「ユウヒ。リン。そろそろ…」
ヨキが思いついたように声をかけた。
「あぁ、そっか。そうだった」
ユウヒがそう言うと、リンと二人、顔を見合わせて立ち上がった。
これから神宿りの儀で奉納する舞いの稽古があるのだ。
重い空気を振り払うような勢いで、忙しなく準備をしている二人の背中に向かって、チコ婆が意を決したように声をかけた。
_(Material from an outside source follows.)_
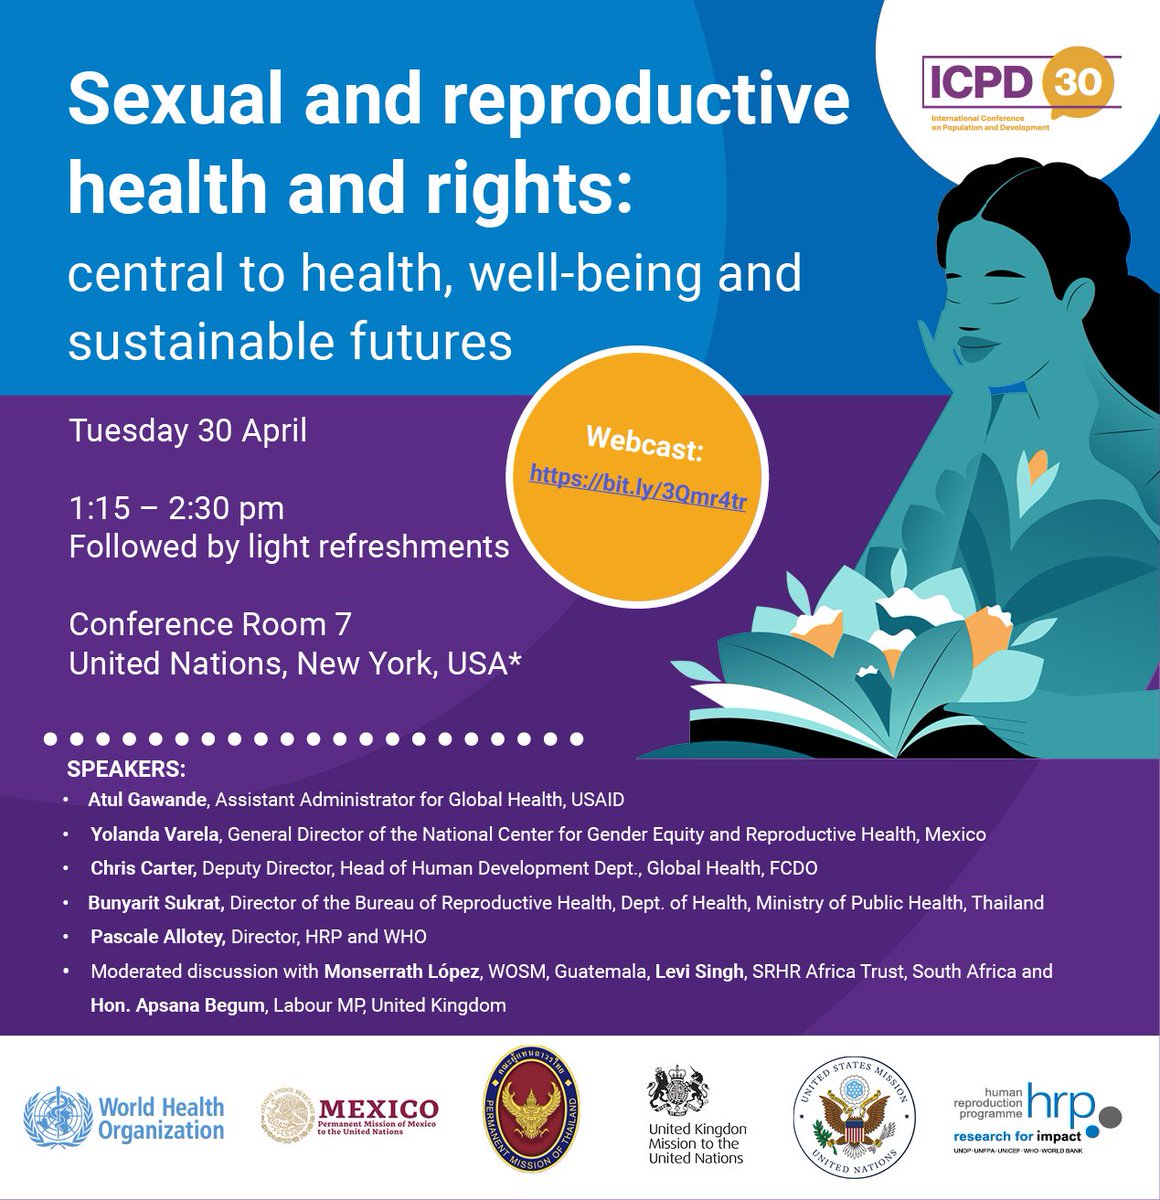 Join us 30 April at 1:15 PM EDT, UN, NYC for #ICPD30. Sexual and reproductive health and rights: central to health, well-being and sustainable futures Webcast available: bit.ly/3Qmr4tr Speaker list below👇

「二人の剣はあっちに置いてあるよ。今年はリンにも剣舞を舞ってもらうからね」
「本当に!?」
色めきたってリンが振り返った。
「いいの? 私まだ十九だよ」
「あぁ、いいんだよ。今年は…そういうことになったんだ。他にも何人か、齢が少々足りないが剣を手にする娘がいるはずだよ」
リンは嬉しかった。
姉の剣舞を見て以来、いつか私もと待ちわびてきた。それが一年早くかなうのだ。
やっとユウヒに並ぶことができる、そう思った時だった。
「ユウヒ、あんたは初めの舞いと終の舞いをやることになるだろうよ。リンも頑張り次第で次の舞いをまかせられるかもしれないから、頑張るんだよ」
「へぇ〜い…」
――えっ?
ユウヒが気のない返事をする横で、リンが一瞬顔を曇らせた。
だがすぐにいつもの笑顔に戻り、姉に向かって声をかけた。
「やっぱりすごいねぇ、姉さんは!」
やめてくれ、とばかりに手を振る姉の腕に、リンはぎゅうっとまとわりついた。
自慢の姉、とでも言いたげな表情の妹を、苦笑しながらユウヒは見つめた。
その全てを見ていた母親のヨキは、思わず目をそらした。
見ていられなかったのだ。
ヨキの様子に気付いたチコ婆は、娘の肩にポンと手を置き黙って頷いた。
その途端、ヨキはハッとしたように顔を上げて、自分自身を奮い立たせようとしているかのように勢い良く立ち上がった。
「ささ、急いで急いで! 旅の間中ずっと稽古してきたとはいえ、郷での舞いは久々だろう? 私もあとからすぐに行くから、体温めて待っておいで!」
ヨキの言葉に、二人の姉妹が驚いたように振り返った。
「え? 今年も母さんが舞いの稽古をつけるの?」
「あんなに飲んでおいて?」
ユウヒとリンが飽きれた声を上げて母親を見た。
「人を酔っ払い扱いするんじゃないよ! さぁ、行った行った!」
まだ酒臭い息の母親に追い立てられて、二人は慌てて家をあとにした。